Yesterday, I attended a series of presentations, organized by CCU, on AI and data from a feminist perspective. Or rather, from the acknowledgement that datasets are never neutral.
I especially enjoyed listening to Caroline Sinders and Hannah Davis. They shared interesting thoughts and examples that I’d like to share with you here.
I am a machine learning designer/user researcher, artist, and digital anthropologist obsessed with language, culture and images.Caroline Sinders
She showed a screen capture from a google search. One is on the term “professional haircut” the other from “unprofessional haircut”. You can probably guess which images represent the unprofessional results.
Caroline’s own project, the feminist data set, is also a very cool project to investigate.
During the Q&A, she got a bit more specific about using AI to counter online abuse on the big social networking platforms.
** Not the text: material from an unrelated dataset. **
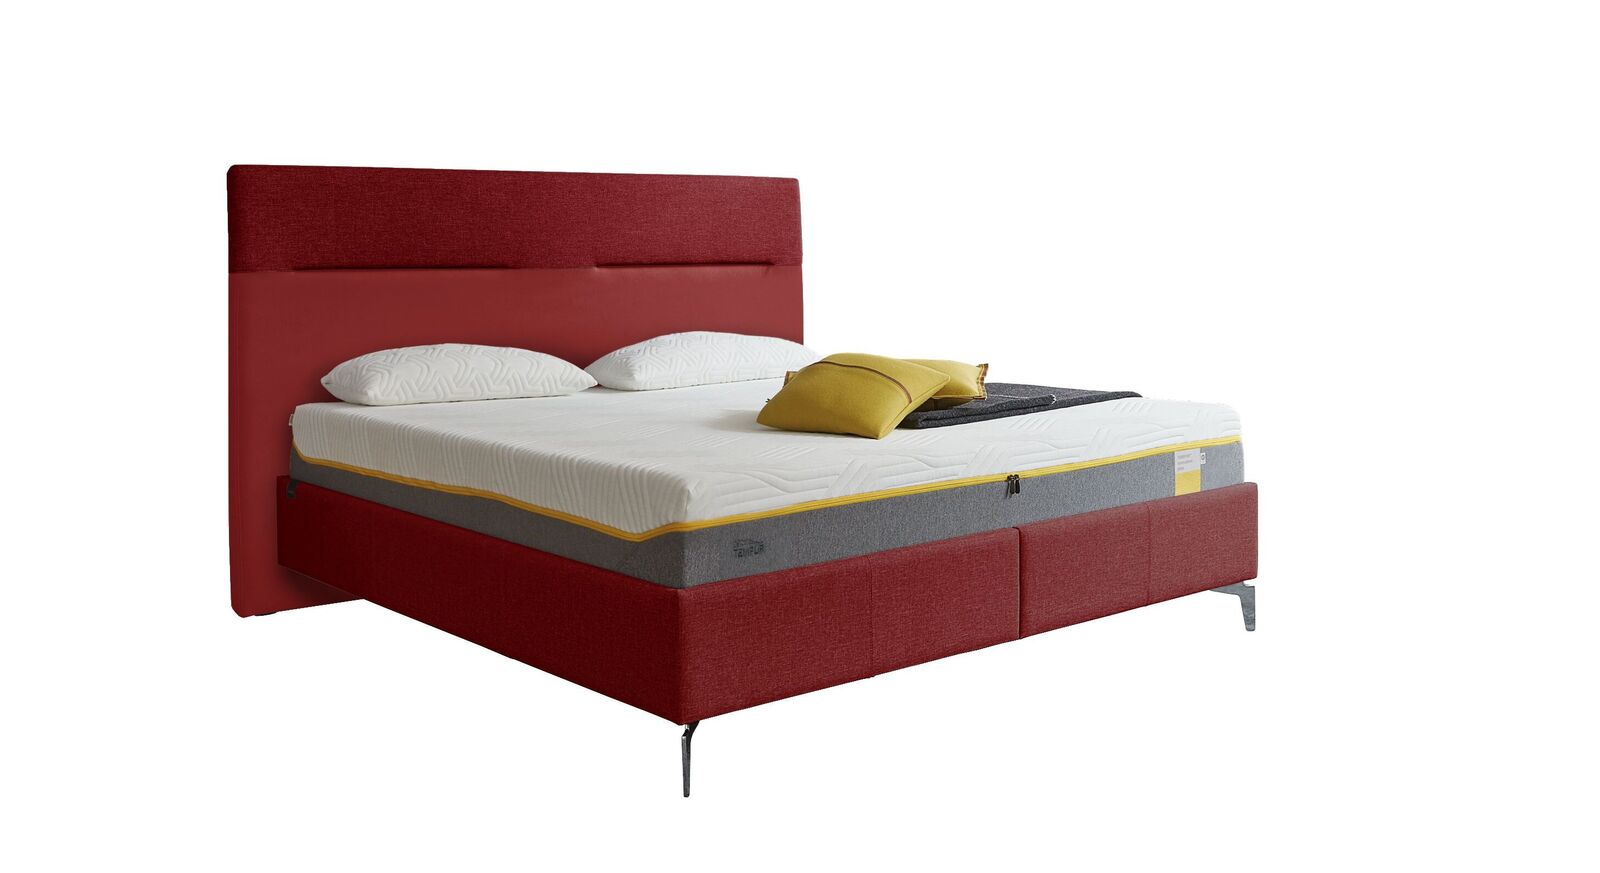 TEMPUR Bett Relax Texture mit Bezug in Webstoff und Kunstleder in Rot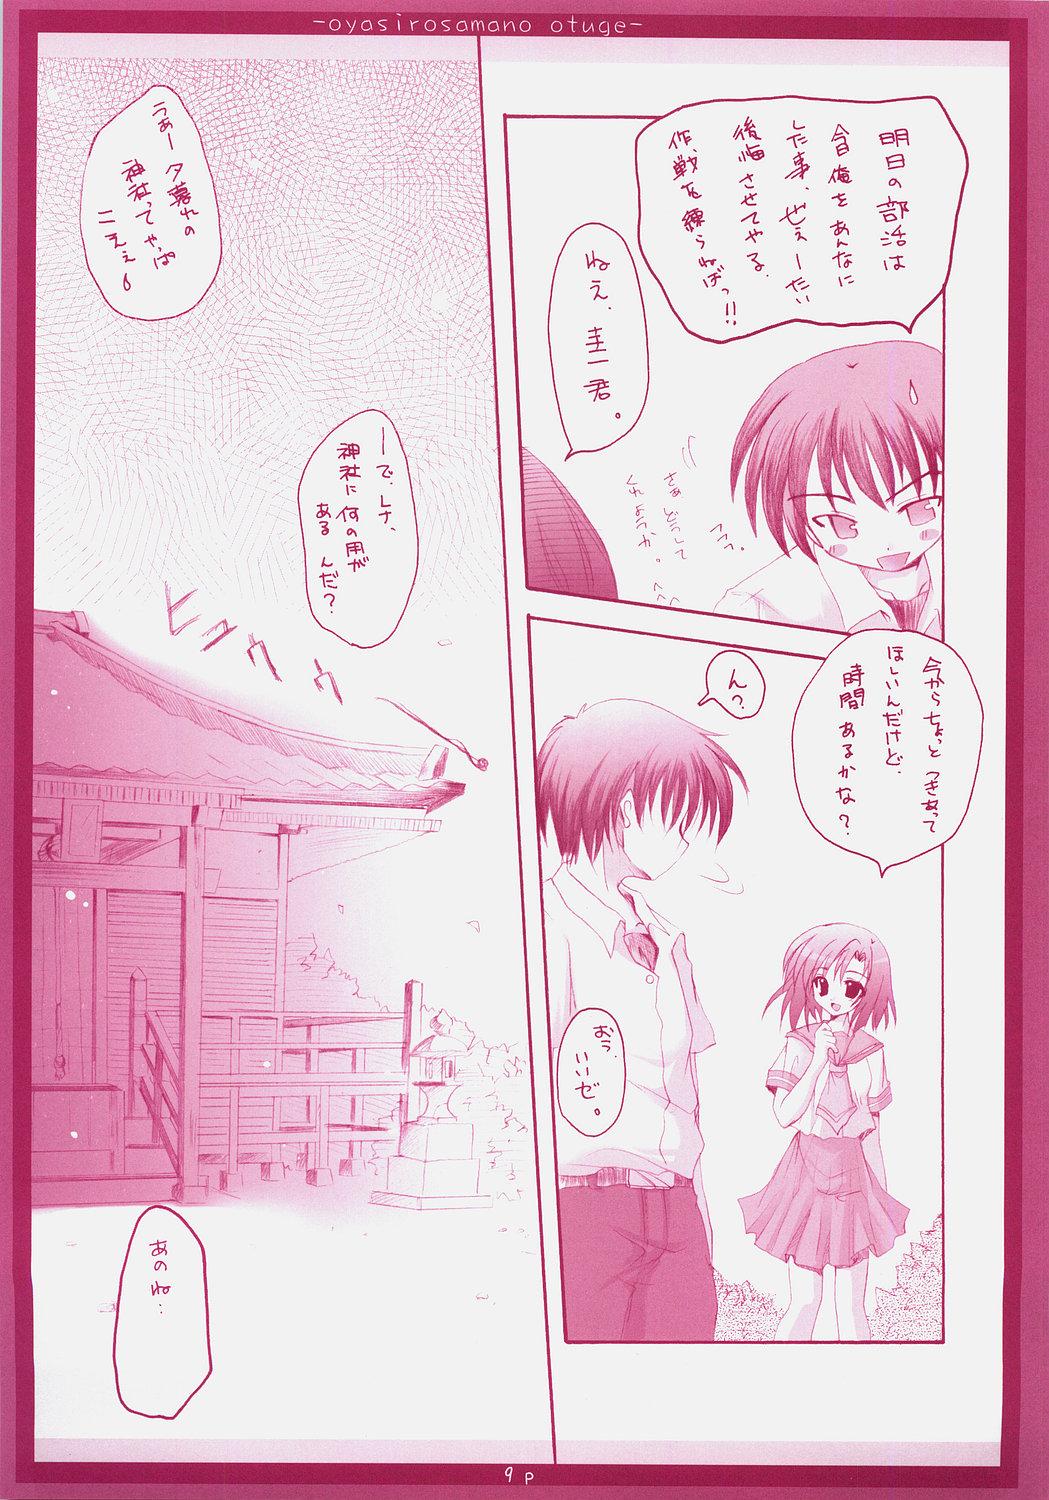 Bigtits Oyashiro-sama no Otuge - Higurashi no naku koro ni Hot Naked Girl - Page 8

Caroline made a very good point that AI will not offer a solution, since the real problem lies with the content moderators. Every post that is being marked will be reviewed by moderator and does so without context and often based on a different world view than the person marking something as harassment, simply based on the fact that the moderator probably lives in a different country and culture. You can’t blame them for that, they just lack the right tools to do their job properly.
I’m a generative musician and researcher based in NYC. My work generally falls along the lines of music generation, composing, machine learning, and natural language processing.Hannah Davis
Hannah explained that she has been using data sets for her project TransProse, in which she translates literature into music. For instance this is the basic emotion captured in Le Petit Prince:
When she dug into the data sets she found this:
Childbirth was classified as without any emotion. This is a very obvious example how data sets are not neutrally created. Hannah raised the question what type of world view a data set creates?
She argues that all data sets are created with bias, especially when you look at data sets that are created at one point in history and then still being used half a century later. Classifications from fifty years ago might not reflect current world views.
The problem with many data sets is that it takes a lot of effort to create them, therefore we use them for a long time, sometimes without proper updating. Hannah pleas for two things being attached to data sets: a list of ingredients (like we have on our food) and an expiration date.